Foi por conta desse apreço pelo que é bem escrito, filmado, montado ou exposto que ela passou a frequentar centros culturais do Rio e a conversar sobre o assunto com quem também se interessa por ele. “Othon Bastos é meu cliente há anos e sempre entendeu e deu força a este meu lado”, revela. “Outro, dia eu mandei para ele um vídeo pelo WhatsApp sobre a figura do arlequim, e ele me respondeu com um áudio sensacional que me ensinou sobre Shakespeare.

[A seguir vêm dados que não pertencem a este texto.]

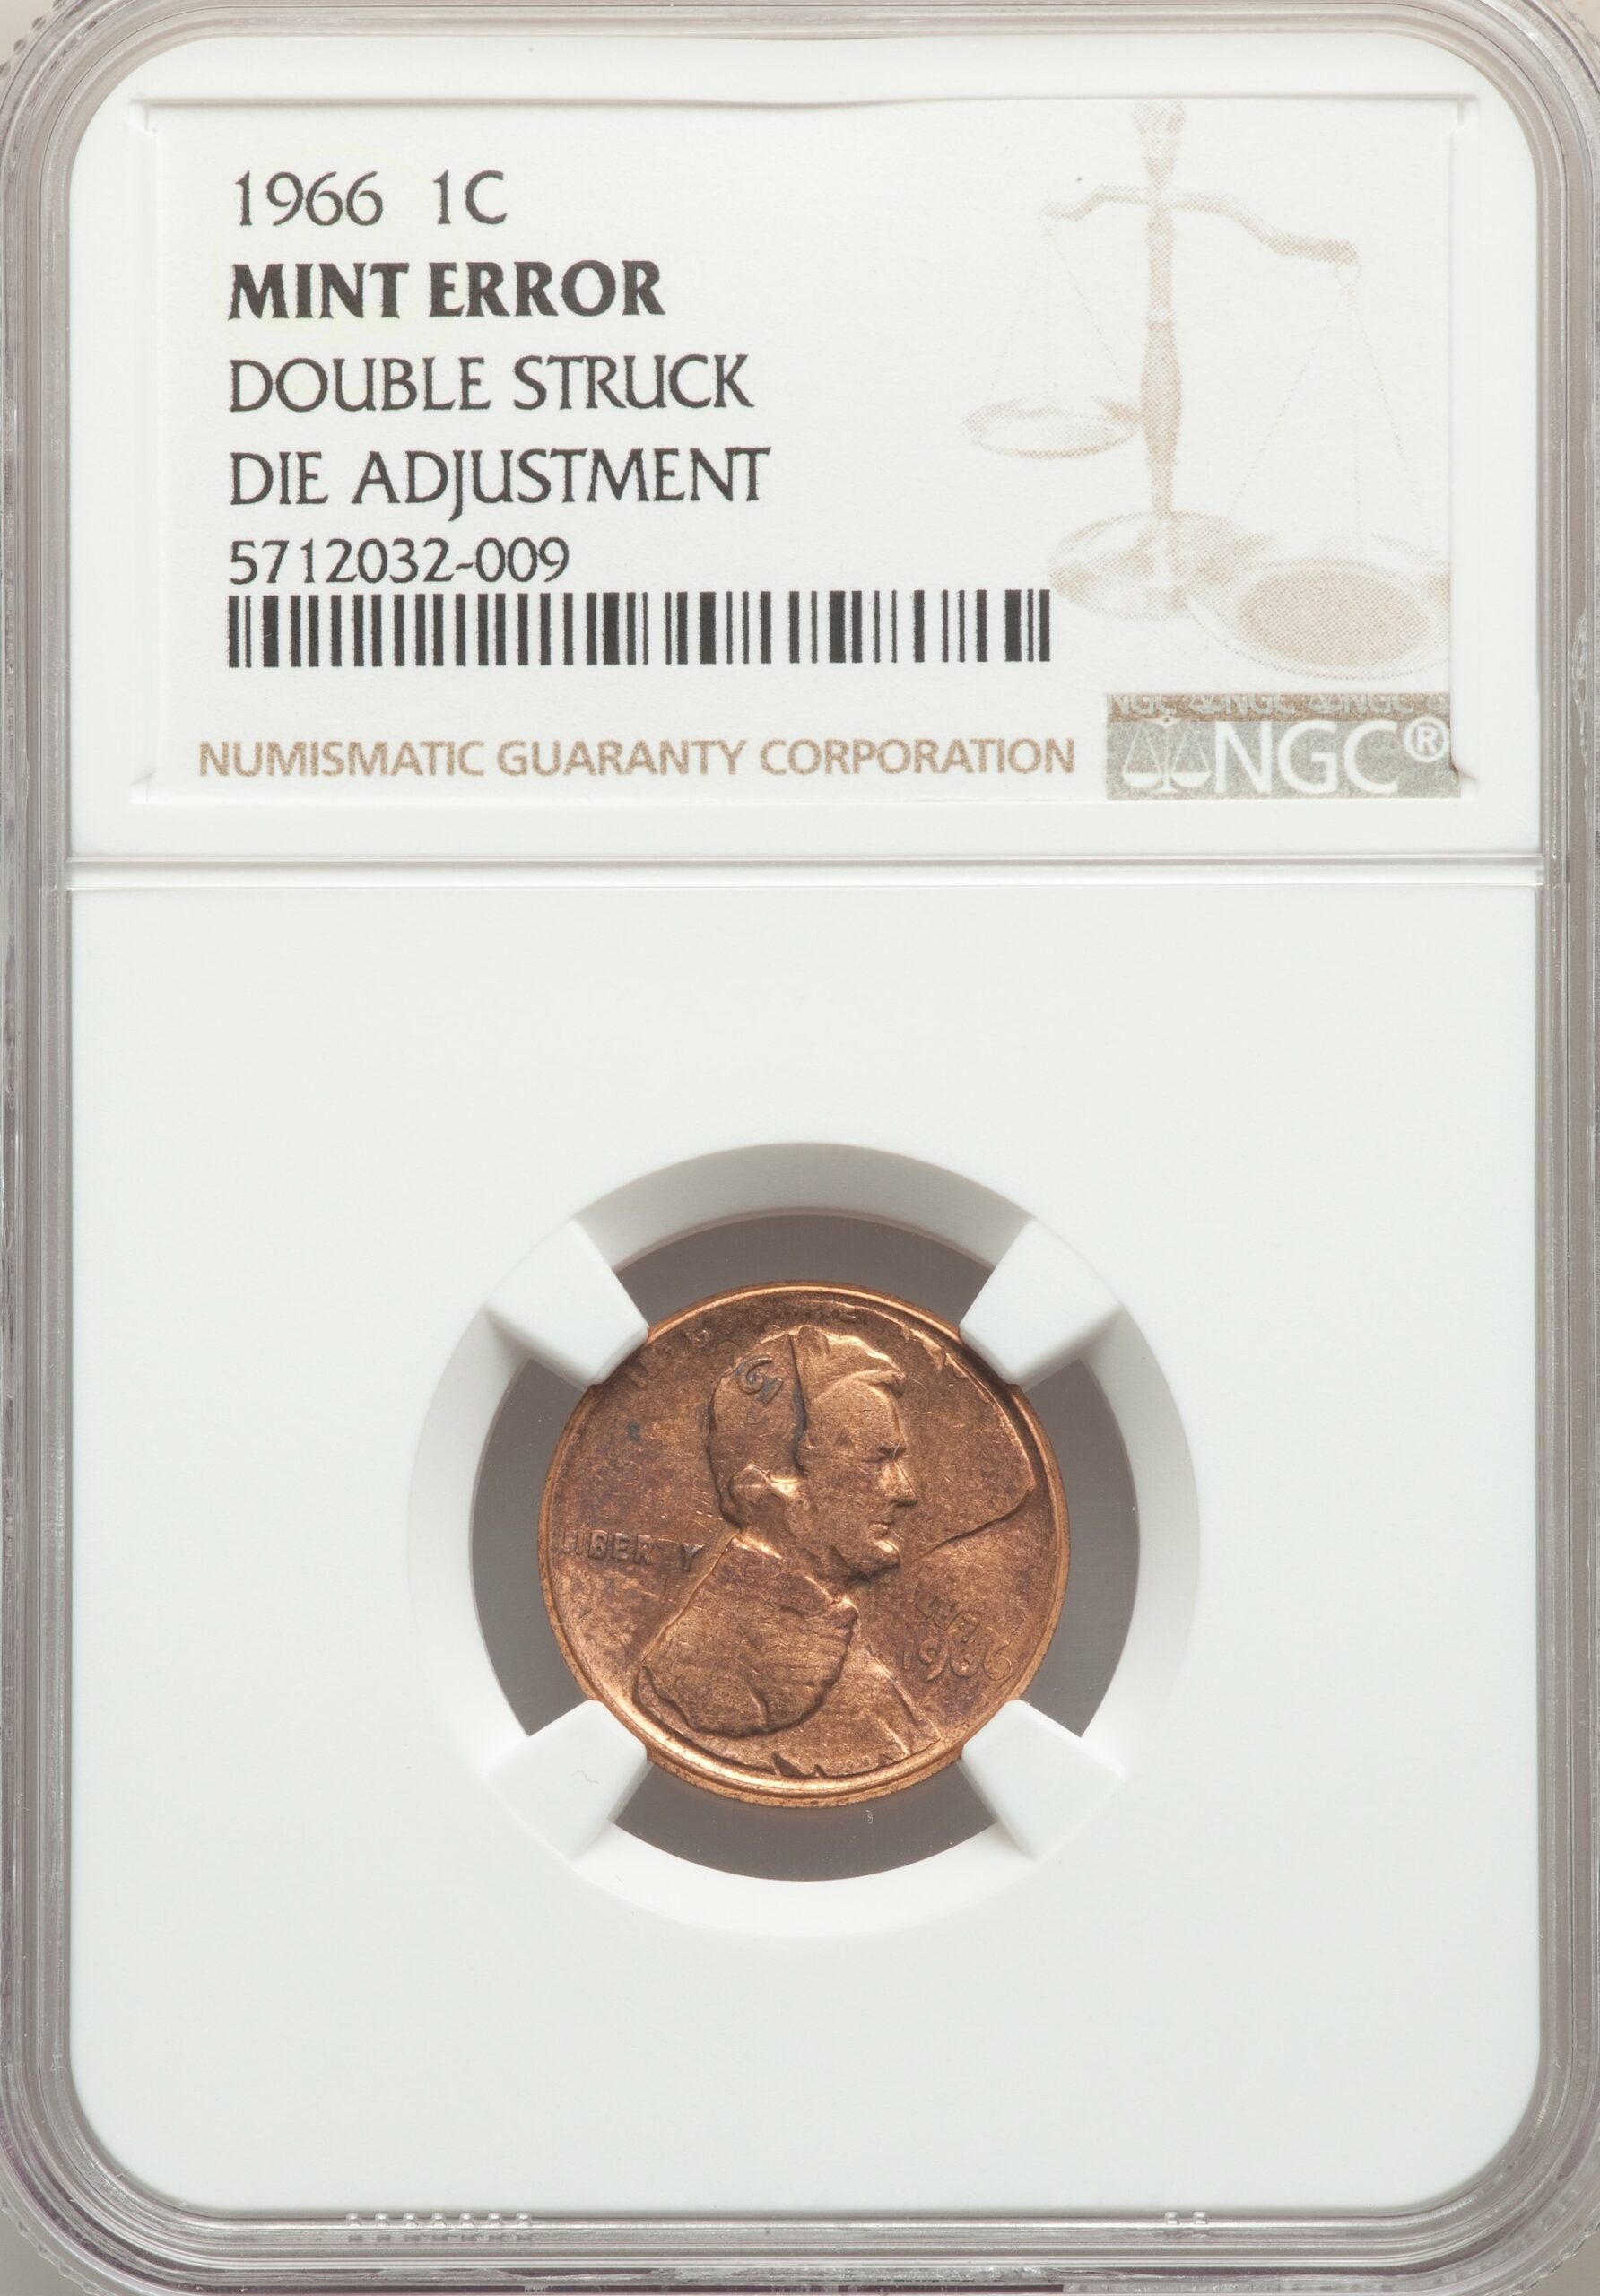 1966 Penny Double Struck and Die Adjustment

E isso para mim não tem preço”, conta Gina, entusiasmada com a amizade do ator de “Deus e o diabo na Terra do Sol” e “São Bernardo”.
Simpática e sorridente, a manicure é do tipo que cumprimenta com intimidade os recepcionistas e seguranças das salas do Oi Futuro, de tanto que passeia no espaço. Ela não perde os destaques da programação cultural do instituto e tem um canto ideal, onde gosta de sentar para tomar um café e esperar pelo início das sessões. “Adoro essa área aberta do oitavo andar”, diz, enquanto aprecia a vista que dá para o bairro do Flamengo. “Só recentemente já vi por aqui ‘Janis’, a sobre Janis Joplin, a exposição do Nam June Paik, fui a um debate com o Sílvio Tendler e vi a peça ‘Love, Love, Love’, com a Débora Falabella e a Yara Novaes”, enumera. “O da Janis Joplin é uma coisa, deu para ver que a atriz se aprofundou mesmo no personagem”, emenda.

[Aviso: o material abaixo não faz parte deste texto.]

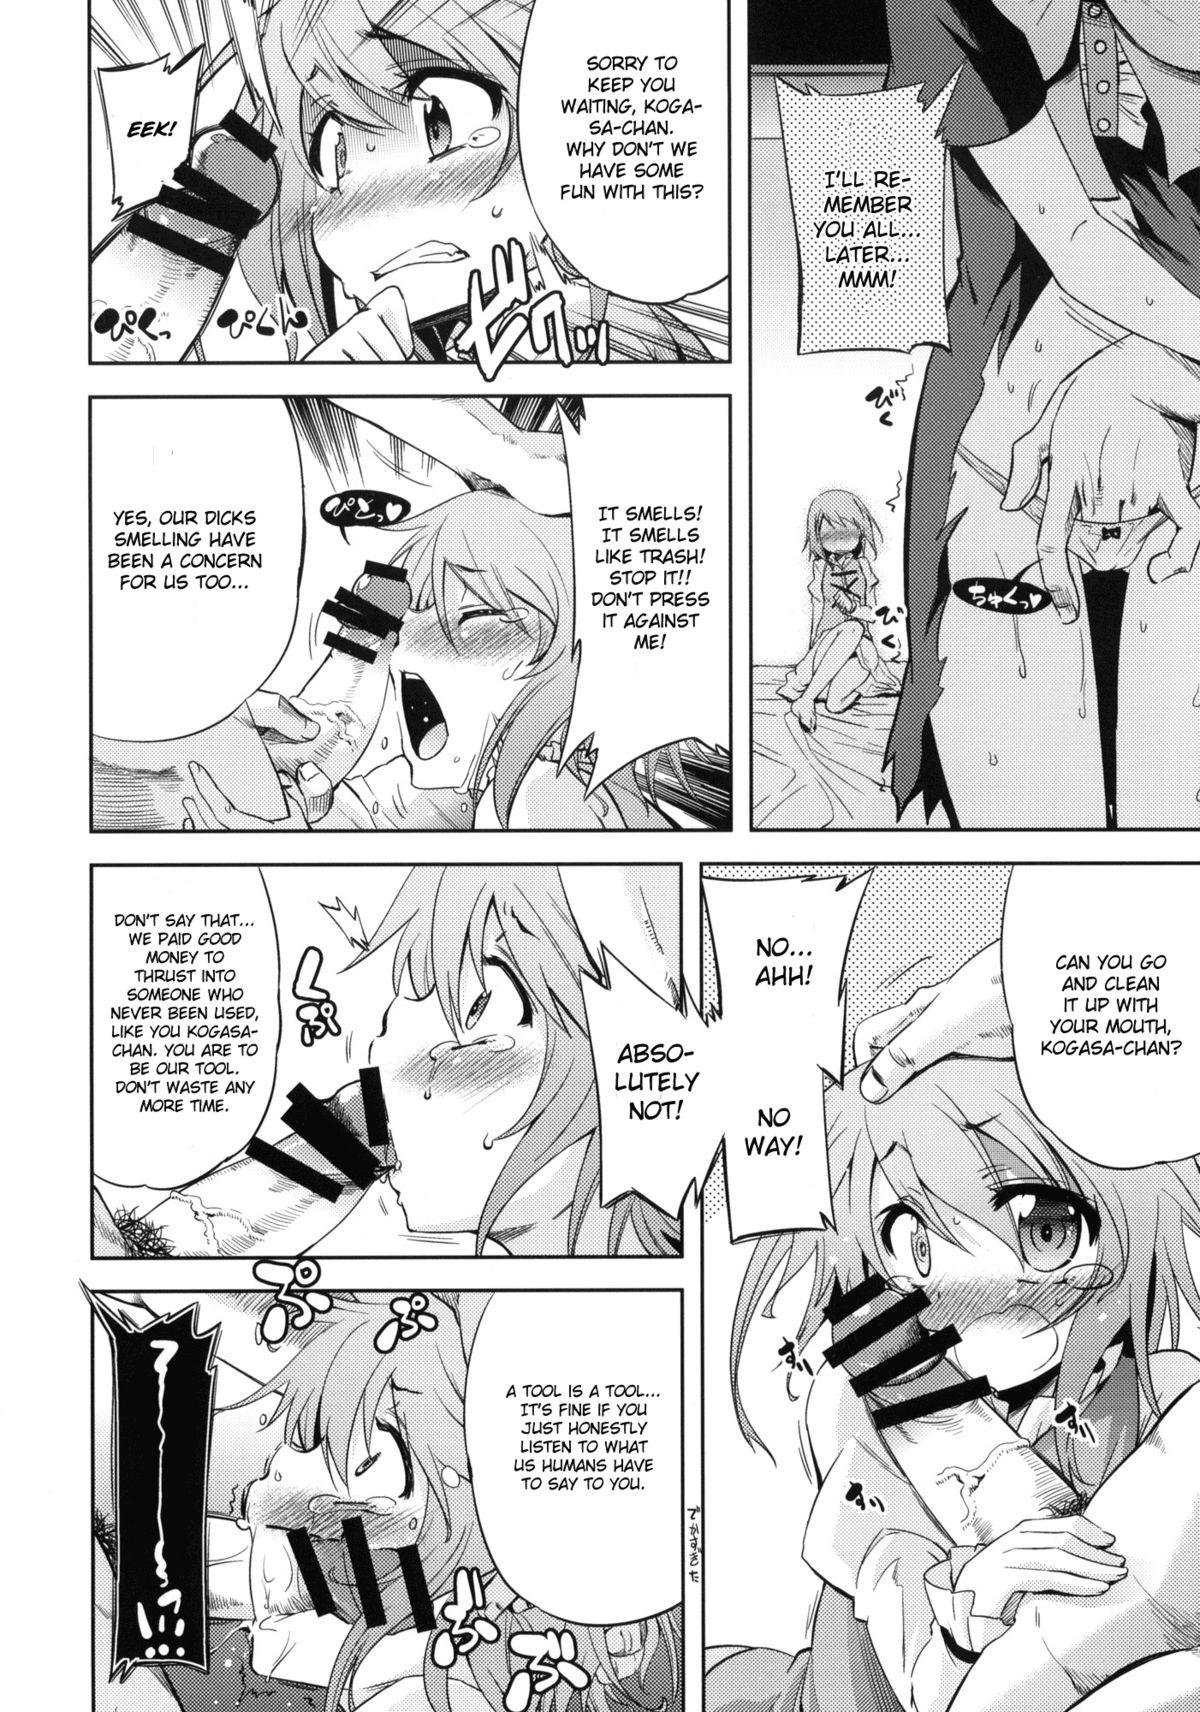 Masterbate With Your Smile - Touhou project Juggs - Page 9

Com uma vida social ativa e cheia de eventos culturais onde quer estar, Generosa conta que, às vezes, sofre preconceito por causa dos assuntos sobre os quais gosta de conversar. “Tem gente que fala que eu sou uma simples manicure e quero pagar de culta. Mas não é isso. Quando eu vim para o Rio poderia ter escolhido outro caminho, mas escolhi o do aprendizado, o de sempre estar em busca de conhecimento”, finaliza. A julgar pelo empenho e bom gosto de Gina, a tarefa de “aprender” está mais do que cumprida. É chegada a hora agora de, quem sabe, ensinar aos outros sobre determinação, educação e, é claro, cultura.